Gratuluje. Obawiam się, że spełnienie moich fanaberii związanych z motorem nie będzie łatwe do spełnienia jeszcze długo.

???

Robiłem mały edit. To co napisałem. Czyli, że umyśliłem sobie zrobić coś nie coś w motorze. Nie chce zbytnio o tym mówić aby nie zapeszać.

Miałem kilka japońskich samochodów i w porównaniu do mojej obecnej octavki rzeczywiście trochę mniej się psuły, ale to były samochody z z lat dziewięćdziesiątych. Współczesne pojazdy z kraju kwitnącej wiśni to już inna bajka.
Co do jednośladów, już wkrótce się przekonam.

Cześć Filippo73 a Ty jak pamiętam śmigasz Quantumem tak?A zmienić chcesz na Majkę 400cm dobrze mi się wydaje,czy coś innego masz na oku?Kiedy kupujesz nowy sprzęt i czy masz jakiś konkret już upatrzony?Pozdrawiam Ciebie serdecznie.......Mazowieccy co ze spotkaniem 1.03.2014 ma być?Piszcie czy odpowiada Wam miejscówka którą zapodałem i czy pasuje Rotunda??

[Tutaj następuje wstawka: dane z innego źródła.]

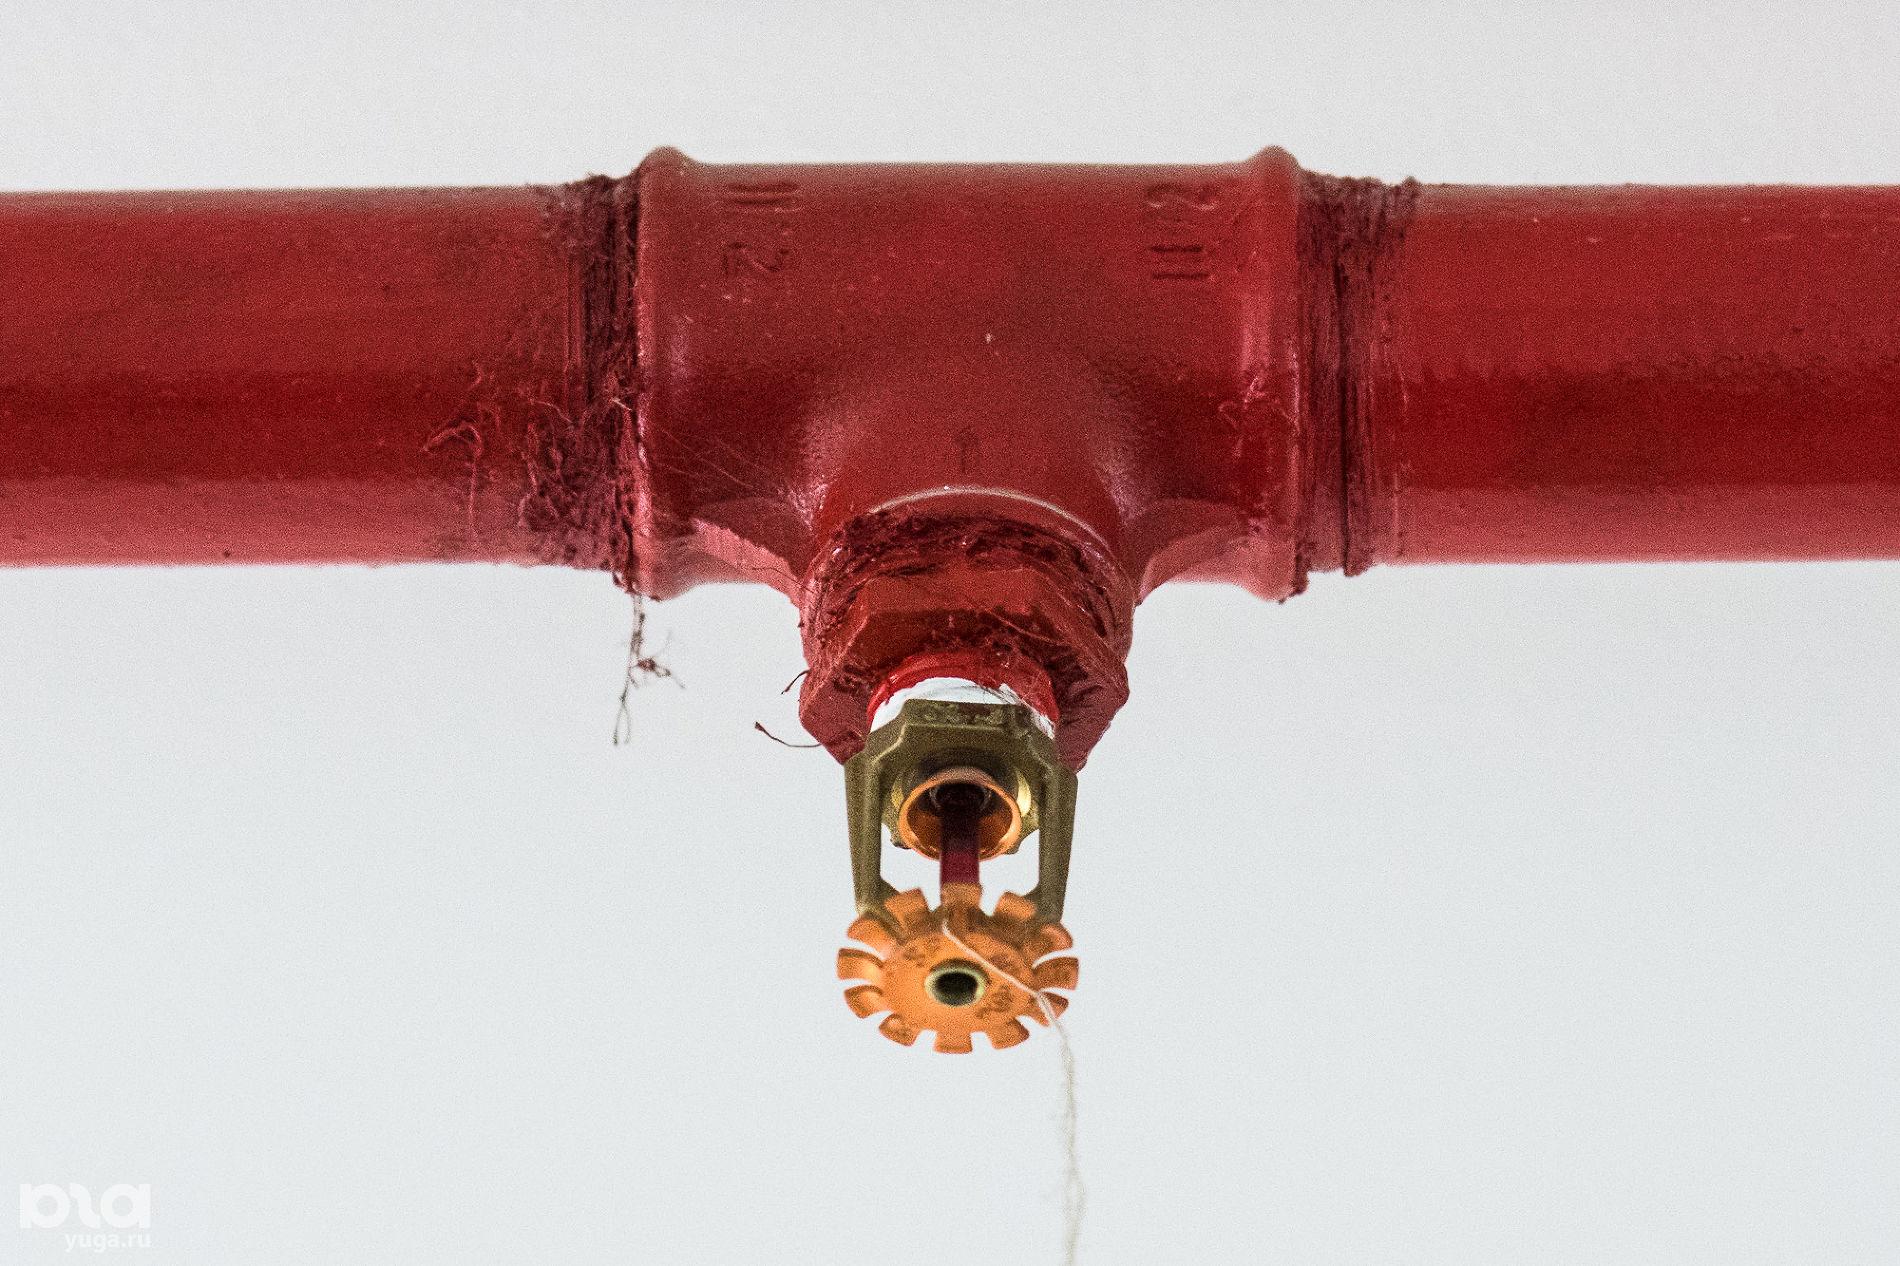 Сплинкерная система пожаротушения ©Фото Елены Синеок, Юга.ру

Robert ja już pisałem na poprzedniej stronie, że miejscówka, miejsce i data spotkania jest ok. Reszta póki co milczy... :)

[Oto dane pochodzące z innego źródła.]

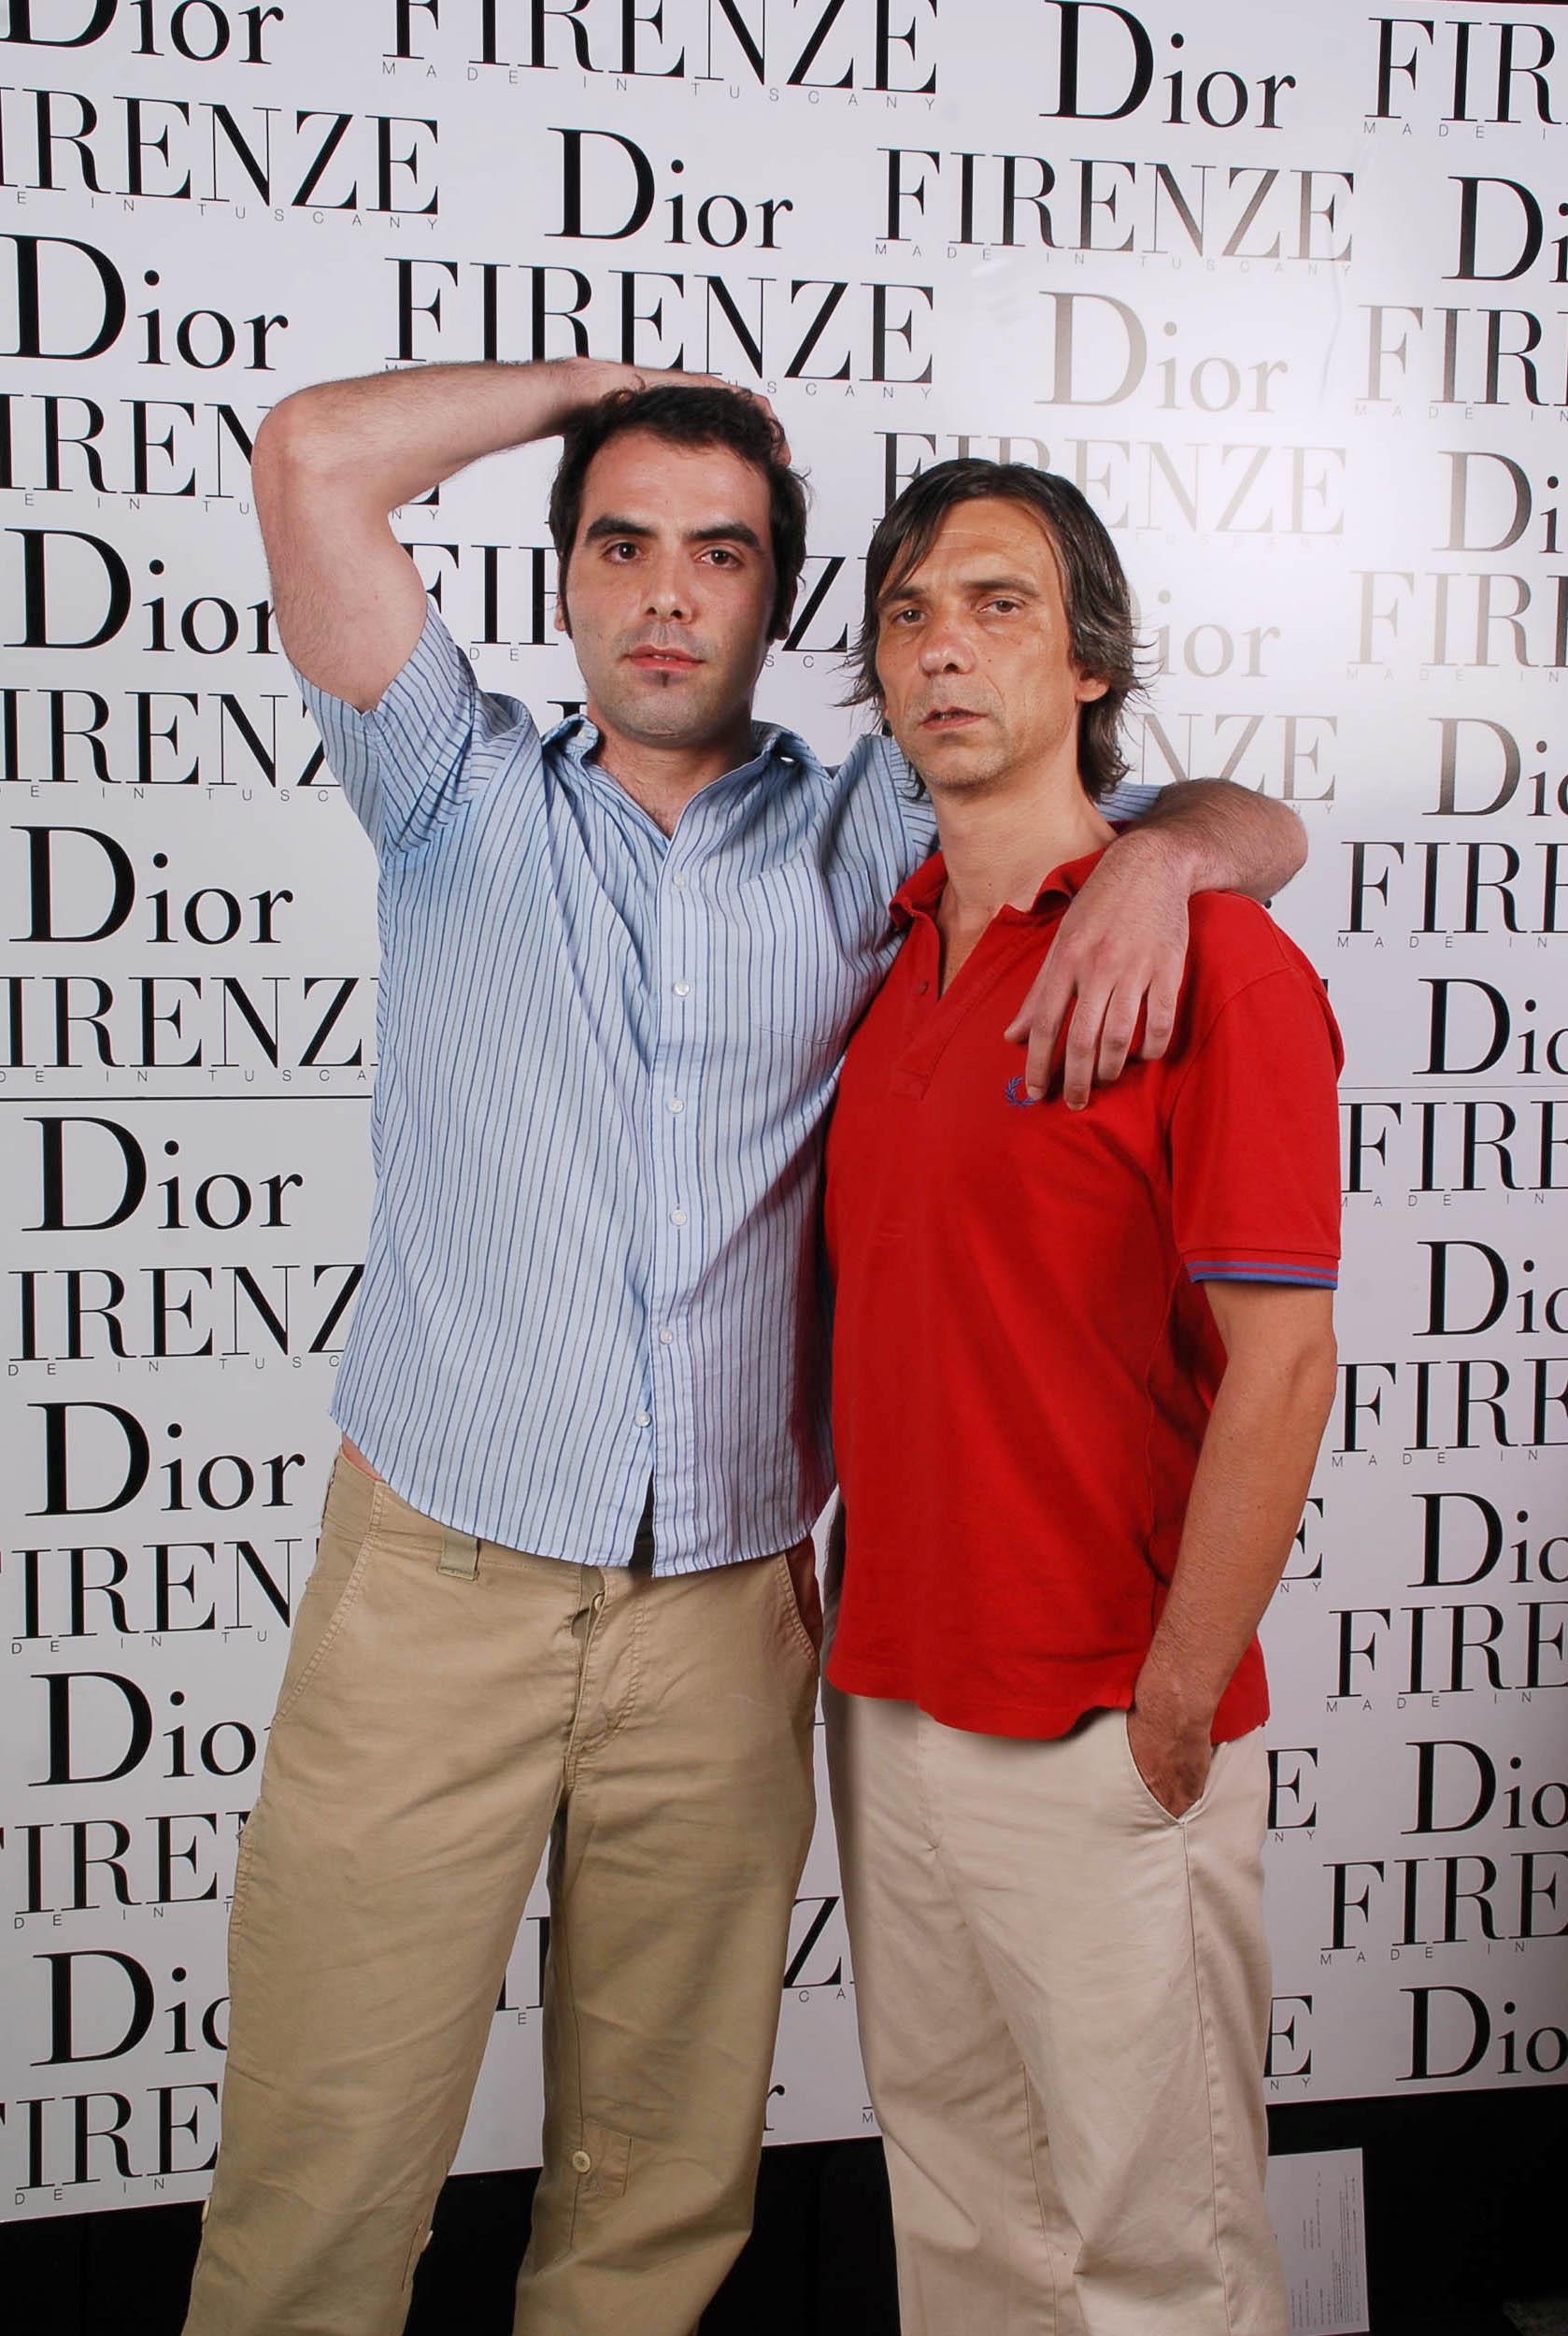 PRESSPHOTO  Firenze, evento Dior al teatro romano di Fiesole. Nella foto Francesco Terrani e Riccardo Hamrin

Robertonos - potwierdzam co pisałem wcześniej : Miejsce spotkania , godzina spotkania i lokal - pasuje jak najbardziej!

(ja jako ileś tam stron temu -rzucający pomysła) , jak najbardziej potwierdzam miejsce i czas :) nie kombinujemy za bardzo tylko się spotykamy :) proponuję jeszcse tylko bliżej daty ZAPODAĆ DATĘ GODZINĘ I MIEJSCE wszytskim czytajacym ten wątek :) pozdrawiam i do zobaczenia .

Jeśli chodzi o spotkanie to nie wiem. Moja żona może pracować na popołudnie. Prawdopodobnie tak będzie.

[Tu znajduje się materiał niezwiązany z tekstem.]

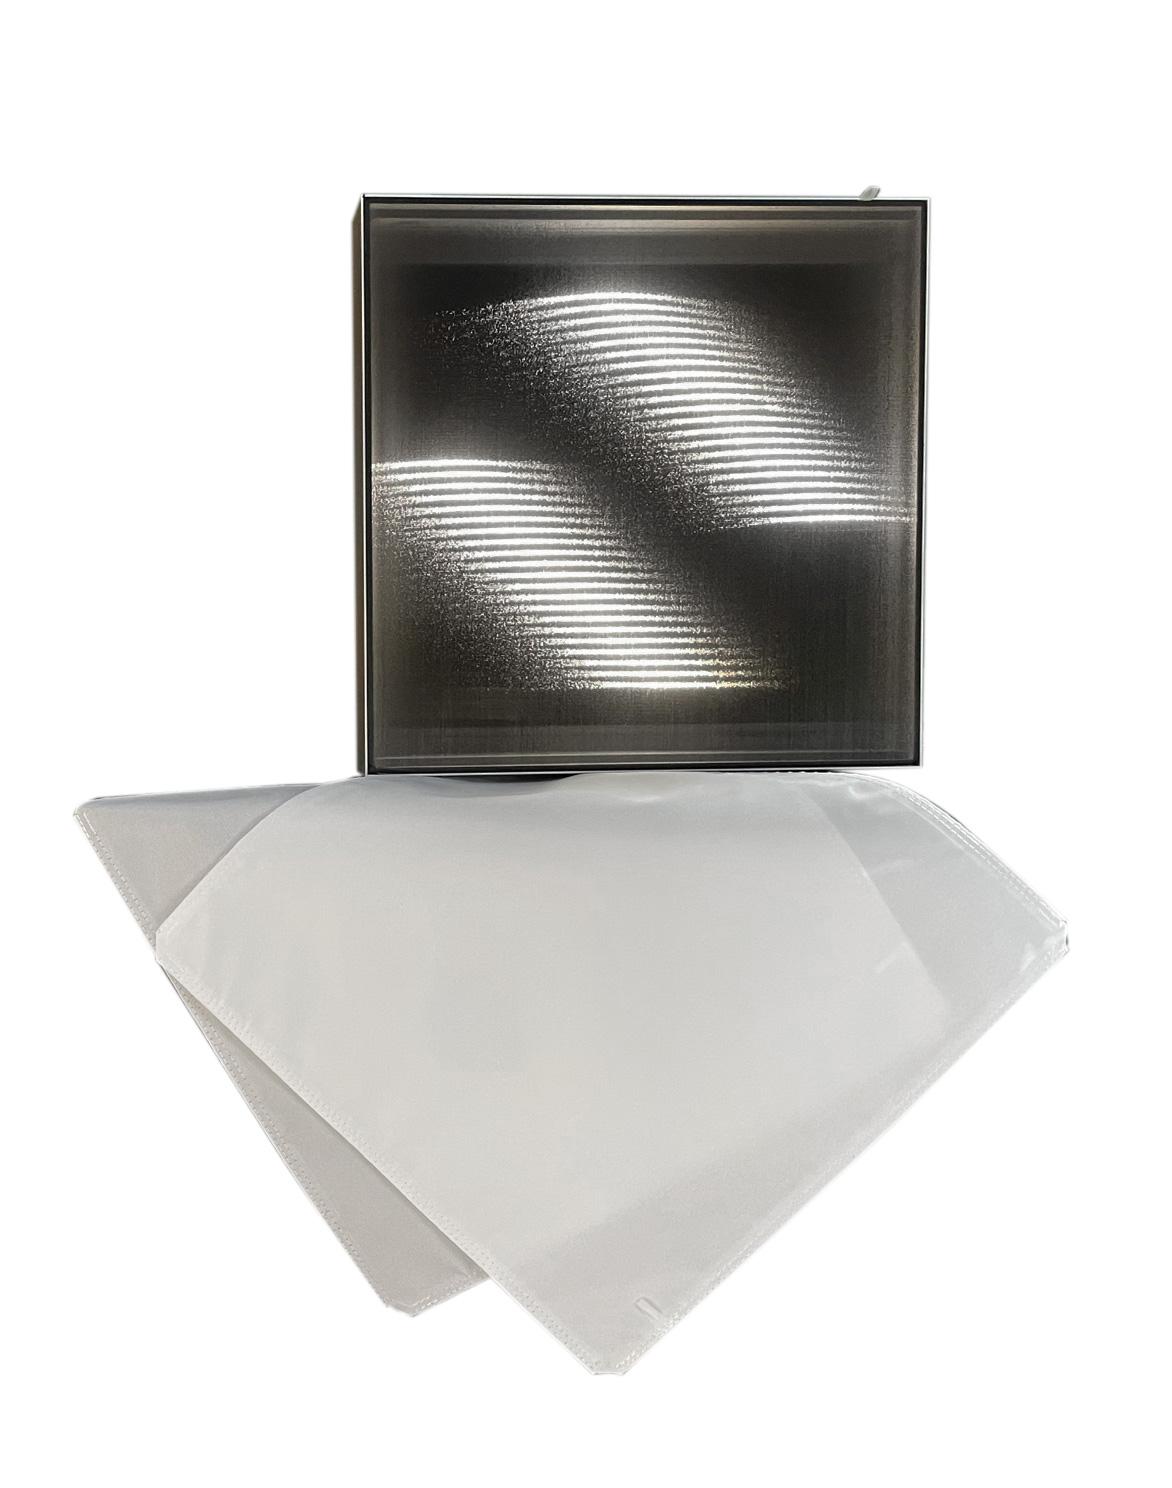 Musterrahmen Set von ETTLIN LUX mit lichttechnischen Textilien

Robertonos, zgadza się, jeżdżę quantumem rs, a majkę już zadatkowałem. Teraz jeszcze tylko prawko i hajda. Nie mogę się doczekać kiedy ruszą kursy. Puki co, w zippie muszę sprawdzić wariator, wymienić olej w przekładni i okleić maleństwo. Jak ostatnio młodszego syna uczyłem jeździć wywinął orła i lekko zarysował bok. Biedulek tak się wystraszył, że aż zbladł. Zapał mu nie przeszedł.
Obawiam się, że za kilka lat czeka mnie zakup dwóch F16. Mam jeszcze córeczkę, która rwie się do dwóch kółek, aż miło.

Mam nadzieję, że za tydzień pogadamy sobie na żywo.

Kisiu1981 napisał:

Jeśli chodzi o spotkanie to nie wiem. Moja żona może pracować na popołudnie. Prawdopodobnie tak będzie.

Kisiu ,,, nie ściemniaj proszę :) wymyśl coś

Kisiu1981 napisał:

Ryszard Futerkowski też by był za takim piwkiem. A jakby miało już powyżej 6,5% to już by bardzo był za tym.

Kisiowaty trzymaj fason !!! "słowo się rzekło , kobyła u płota wać panie"

A tak na marginesie,
ROBERTONOS - życzymy Ci razem z Rasty 100 lat
z okazji wczorajszych Twoich urodzin

To i ja dołączam się do życzeń. Robertonos, spóźnione, ale szczere - stu lat oraz miliona kilometrów na wymarzonym pojeździe.

Filippo73 napisał:

To i ja dołączam się do życzeń. Robertonos, spóźnione, ale szczere - stu lat oraz miliona kilometrów na wymarzonym pojeździe.

Też się dołączam. Najlepszego, powodzenia w remoncie X-maxa i potem wielu km bezawaryjnej jazdy.

Wszystkieges najlepszeges, nasz Robertonosie.

A co do spotkania - trochę nie ten teges byłoby gdyby kilku facetów piło w barze piwo i siedziało przy tym z dzieckiem, prawda? Nie wiem, muszę coś wymyśleć.